Unsere nächste Station ist Wada, bei dem ich im letzten Jahr die vielen wunderschönen Asagi gekauft habe. Als wir dort ankamen haben wir erneut wundervolle Asagi sehen dürfen, doch leider sind die Fische derzeit aufgrund eines leichten Infekts nicht verkäuflich. Wada bat uns daraufhin, doch in zwei Wochen wieder zu kommen. Ich nehme an dass er wusste, dass uns dies nicht möglich sein wird und rechne es ihm daher hoch an, uns darüber informiert zu haben. Als wir uns die Koi genauer anschauten, konnten wir zwar keinerlei Anzeichen für einen Infekt erkennen – da aber niemand einen Koi besser kennt als sein Züchter haben wir ihm voll und ganz vertraut und uns auf den Weg zu Shinoda gemacht.

Da ich zum jetzigen Zeitpunkt recht wenige Shiro-Utsuri gekauft habe, lagen meine Hoffnungen auf Shinoda. Doch hier wurde ich enttäuscht – seine Nisai waren zwar recht günstig, hatten aber nicht die gewünschte Qualität. Seine Sansai hingegen waren zwar qualitativ gut, aber meiner Ansicht nach viel zu teuer. Da der Tag so schön begonnen hatte und uns die Sonne immer noch wärmte, ließen wir uns nicht unterkriegen und sind nach einem kleinen Mittagssnack direkt weiter zum nächsten bekannten Züchter gefahren.

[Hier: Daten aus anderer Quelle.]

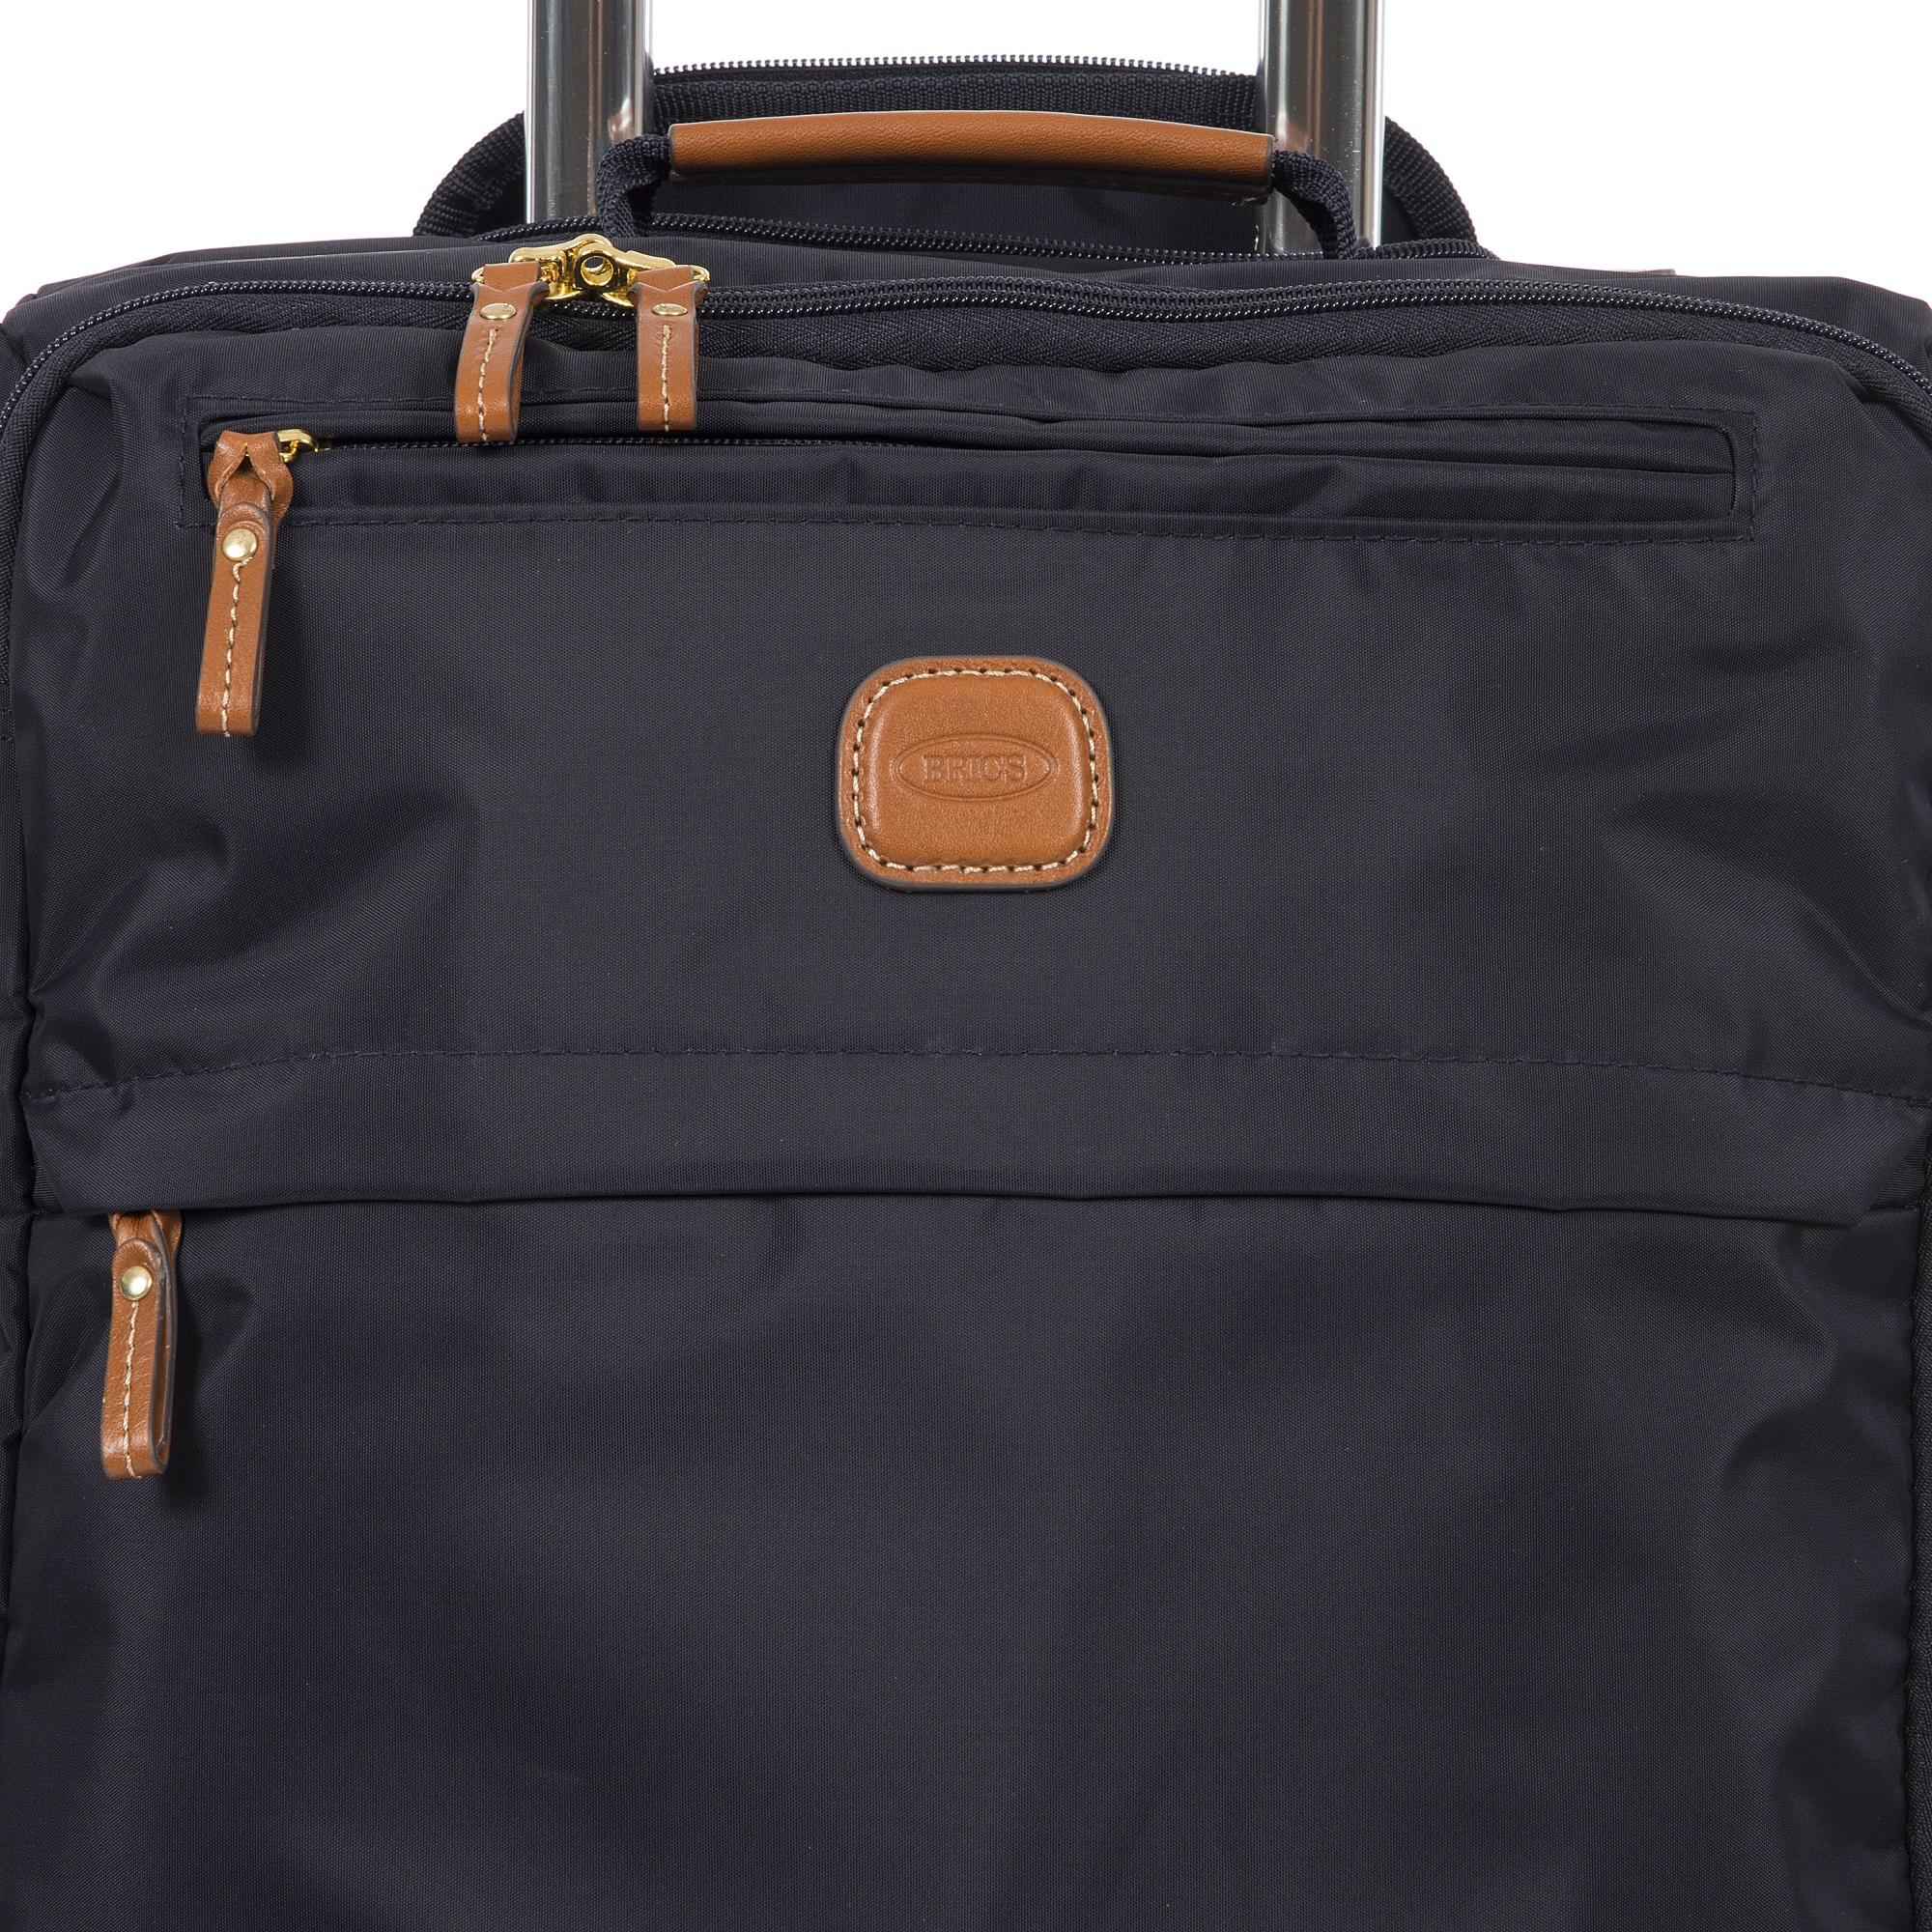 Dove Grey Brics X-Bag//x-Travel 21 Inch International Carry On Spinner W//Frame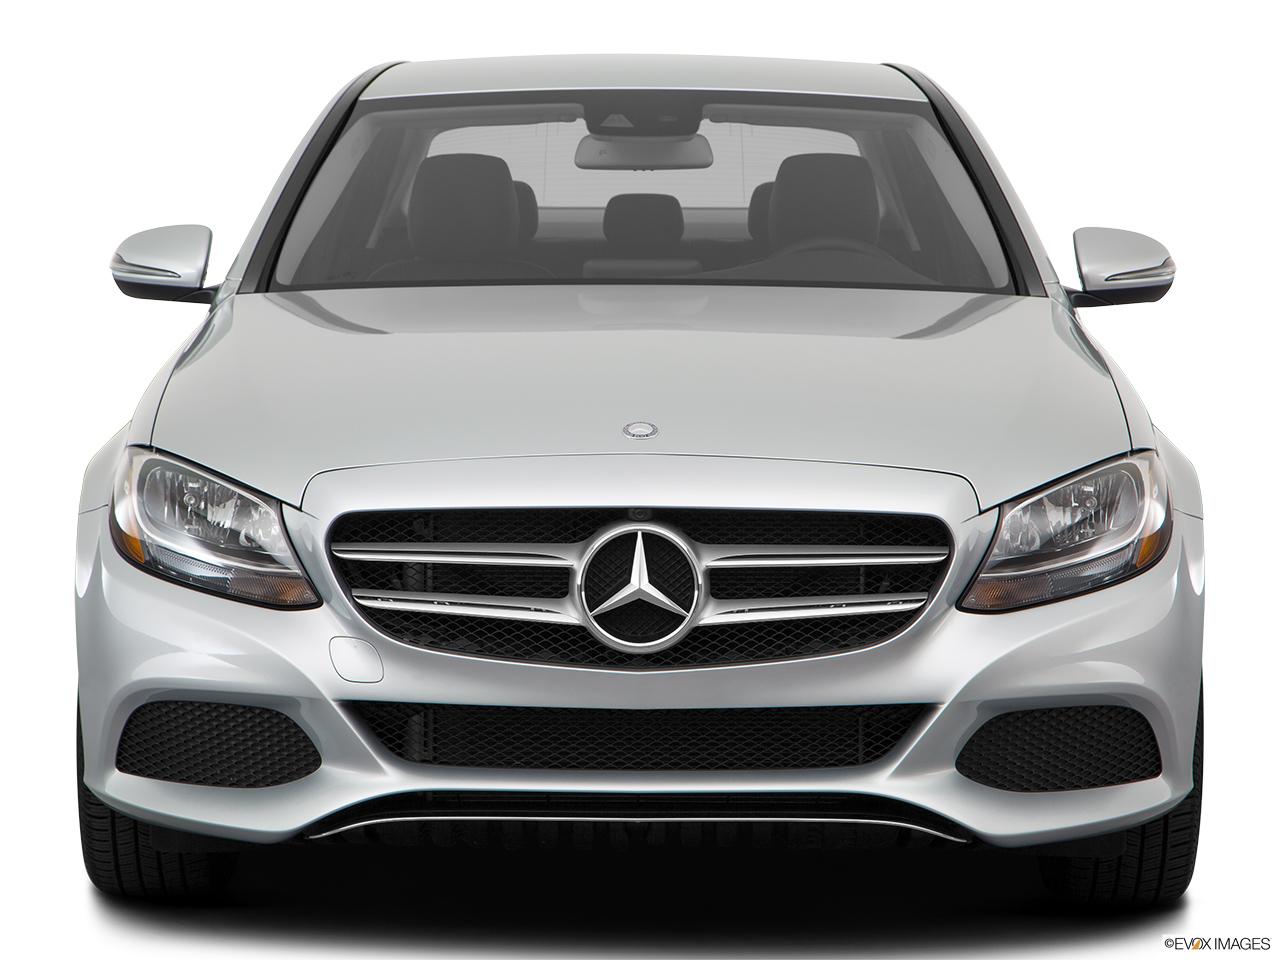 mercedes benz c class 2017 c 180 in uae new car prices. Black Bedroom Furniture Sets. Home Design Ideas

Da wir unangemeldet bei Conias aufschlugen, mussten wir ein wenig Geduld mitbringen. Er war gerade mit einer 10-köpfigen Gruppe Chinesen beschäftigt, die bei ihm ca. 35 Sansai mit durchschnittlich 55 cm Länge gekauft haben. So hatten wir genug Zeit seine Koi genau anzuschauen, sodass wir mit dem eigentlichen Picking dann sehr schnell fertig waren. Und wenn Sie sich die Fische anschauen werden Sie auch verstehen, warum Conias-San weltweit so bekannt ist.

Koi vom Züchter Conias

Auf dem Heimweg Richtung Hotel wollten wir dann nochmal einen Stopp bei Yokiyoshi Hirasawa machen, um die noch fehlenden Koi für den Schauteich in Hoppegarten zu selektieren. Als wir ankamen haben wir nach einer kleinen Kaffeepause auch direkt seine Sansai begutachtet und exakt das gefunden, was wir suchten: Zwei Utusri, einen Bekko, einen Shusui und einen Kujako. Auch diese Koi sind ihm herausragend gut gelungen und werden Ihnen und auch uns in Hoppegarten sehr viel Freude bereiten.

Koi vom Züchter Hirasawa

Nach einem sehr erfolgreichen und schönen, aber gleichzeitig auch anstrengenden Tag, geht es jetzt zurück ins Hotel. Morgen früh haben wir um 8 Uhr einen Termin bei Yokiyoshis Vater, auf den ich mich schon sehr freue. Außerdem wollen wir morgen auch noch unbedingt zu Marudo, Dainichi, und Yamazaki.

Deshalb heißt es jetzt für mich Duschen, Essen und früh schlafen gehen.